* **Task to carry out**
Output the full listing below exactly, without the pictures.

* **Recorded data**
● ● ● ● ●

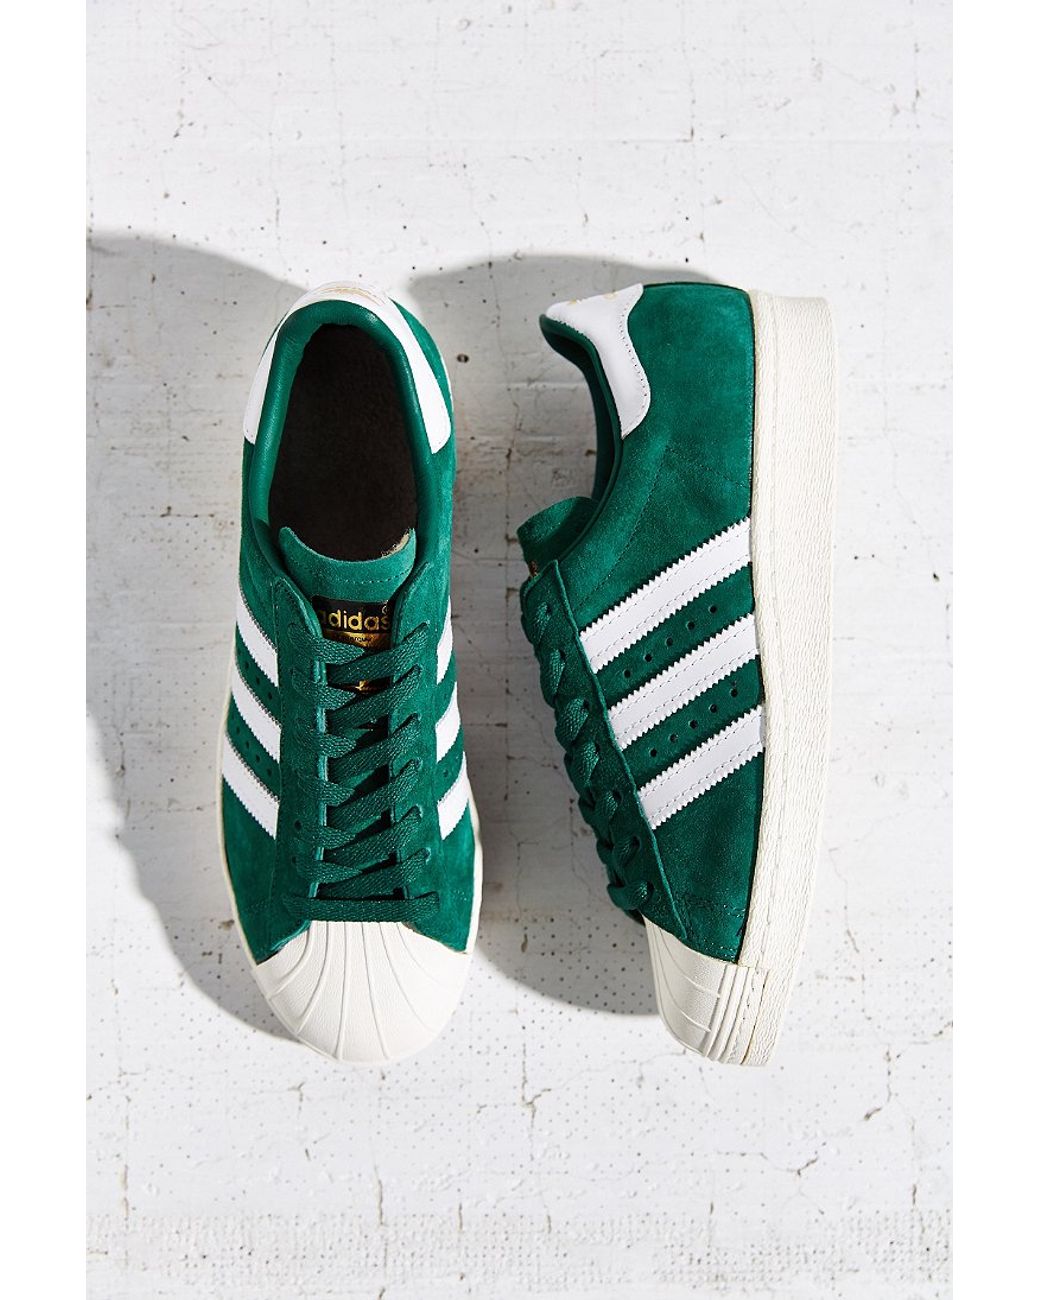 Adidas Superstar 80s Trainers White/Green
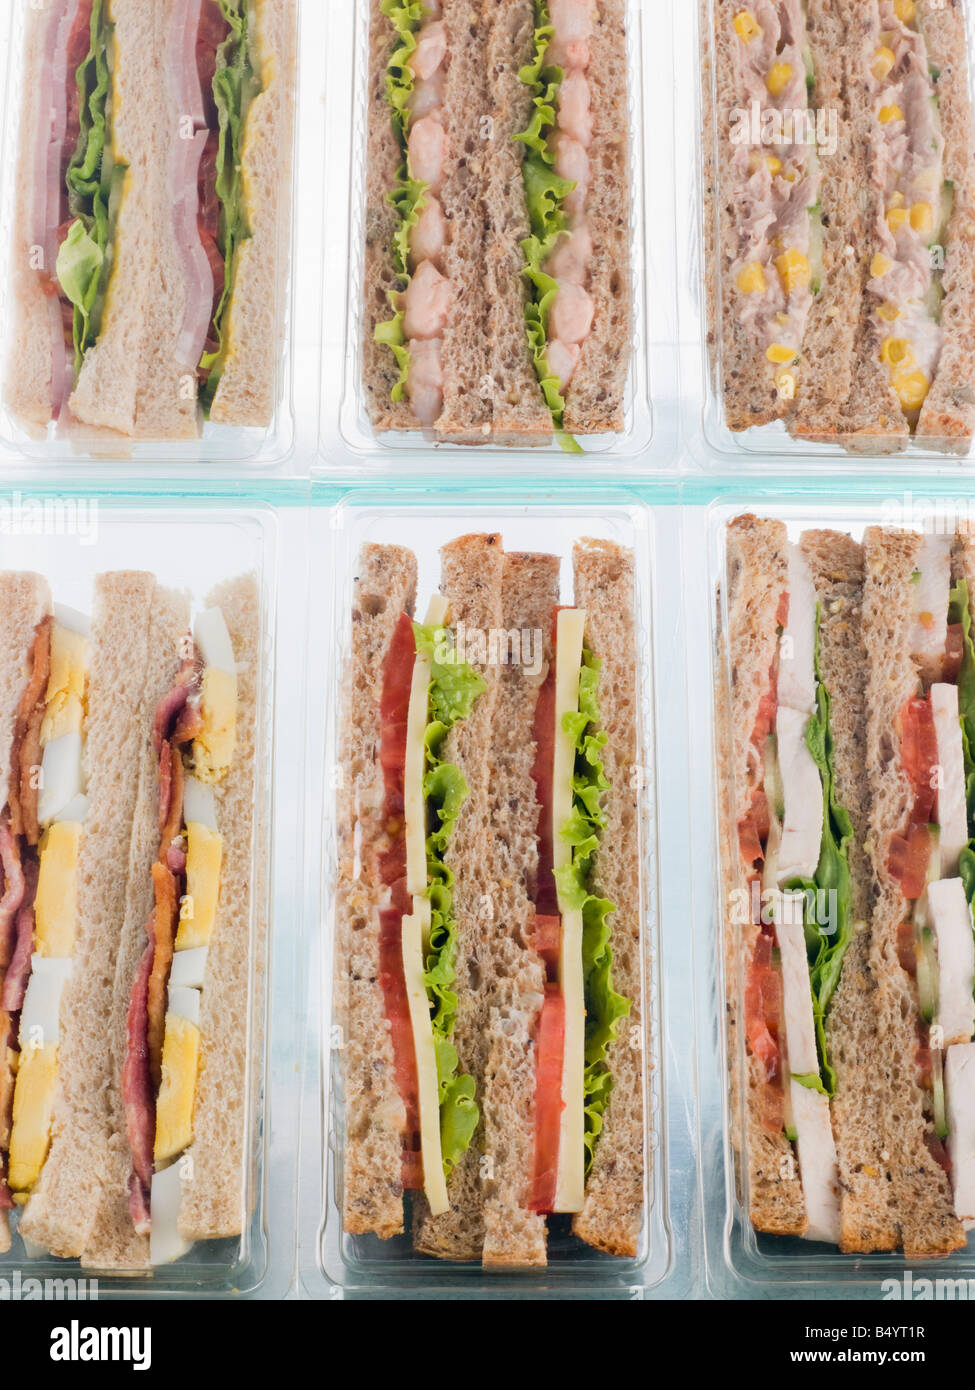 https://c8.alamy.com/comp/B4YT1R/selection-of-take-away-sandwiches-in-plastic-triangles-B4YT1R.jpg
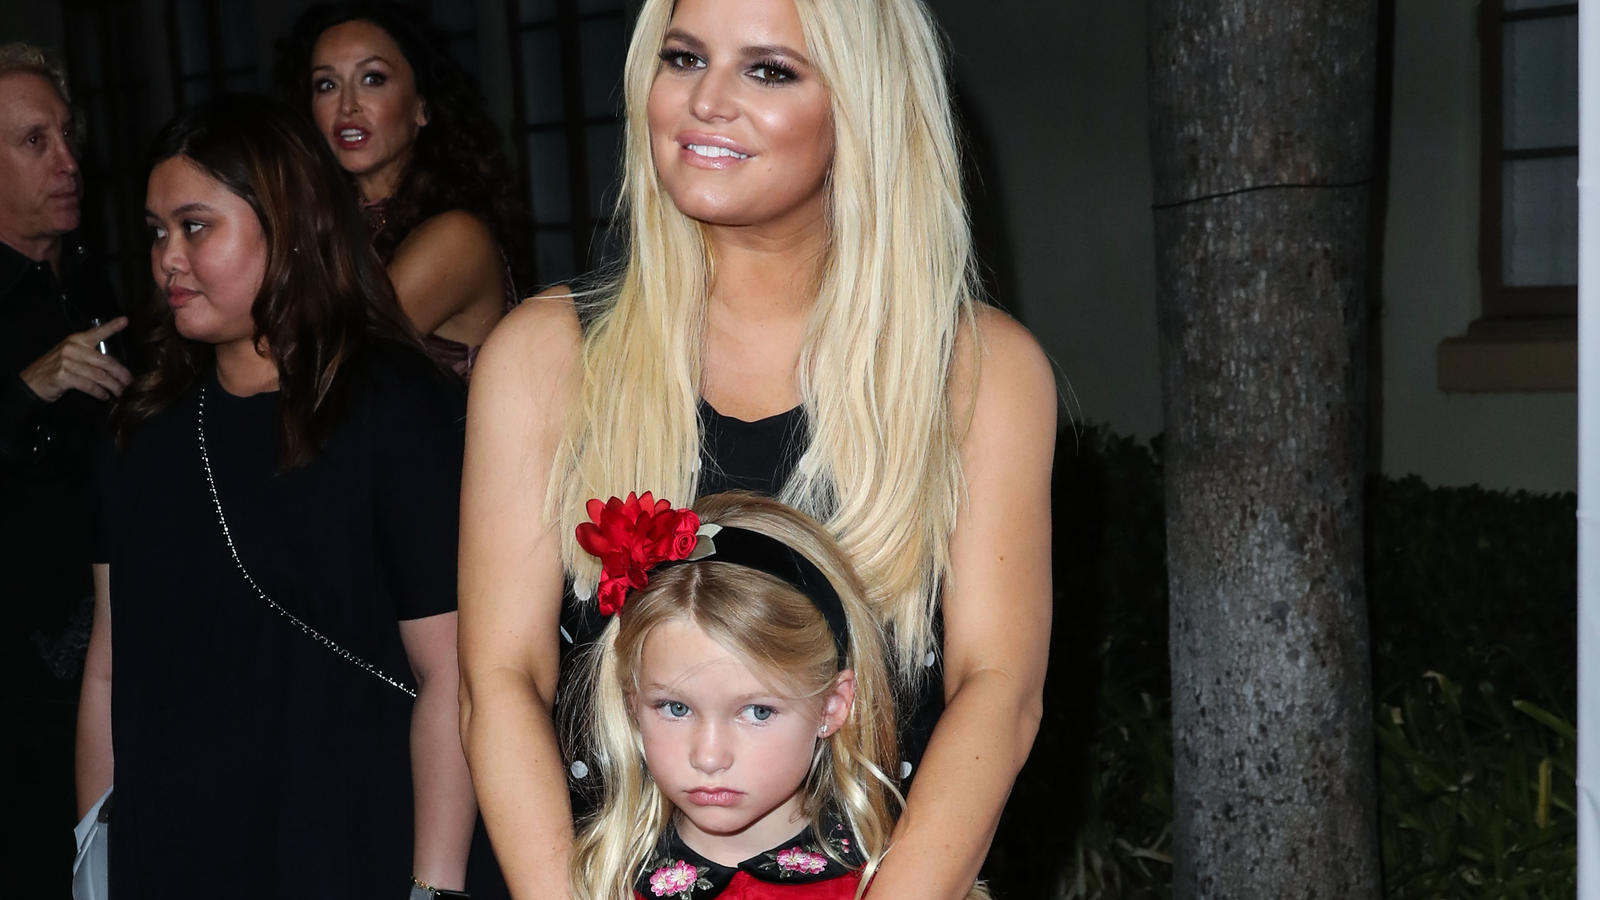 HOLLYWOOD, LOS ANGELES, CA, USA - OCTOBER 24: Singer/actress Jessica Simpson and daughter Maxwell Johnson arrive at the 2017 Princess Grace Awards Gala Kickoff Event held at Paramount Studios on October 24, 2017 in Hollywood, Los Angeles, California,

● ● ● ● ●

* **The completed task**
 Adidas Superstar 80s Trainers White/Green
 https://c8.alamy.com/comp/B4YT1R/selection-of-take-away-sandwiches-in-plastic-triangles-B4YT1R.jpg
 HOLLYWOOD, LOS ANGELES, CA, USA - OCTOBER 24: Singer/actress Jessica Simpson and daughter Maxwell Johnson arrive at the 2017 Princess Grace Awards Gala Kickoff Event held at Paramount Studios on October 24, 2017 in Hollywood, Los Angeles, California,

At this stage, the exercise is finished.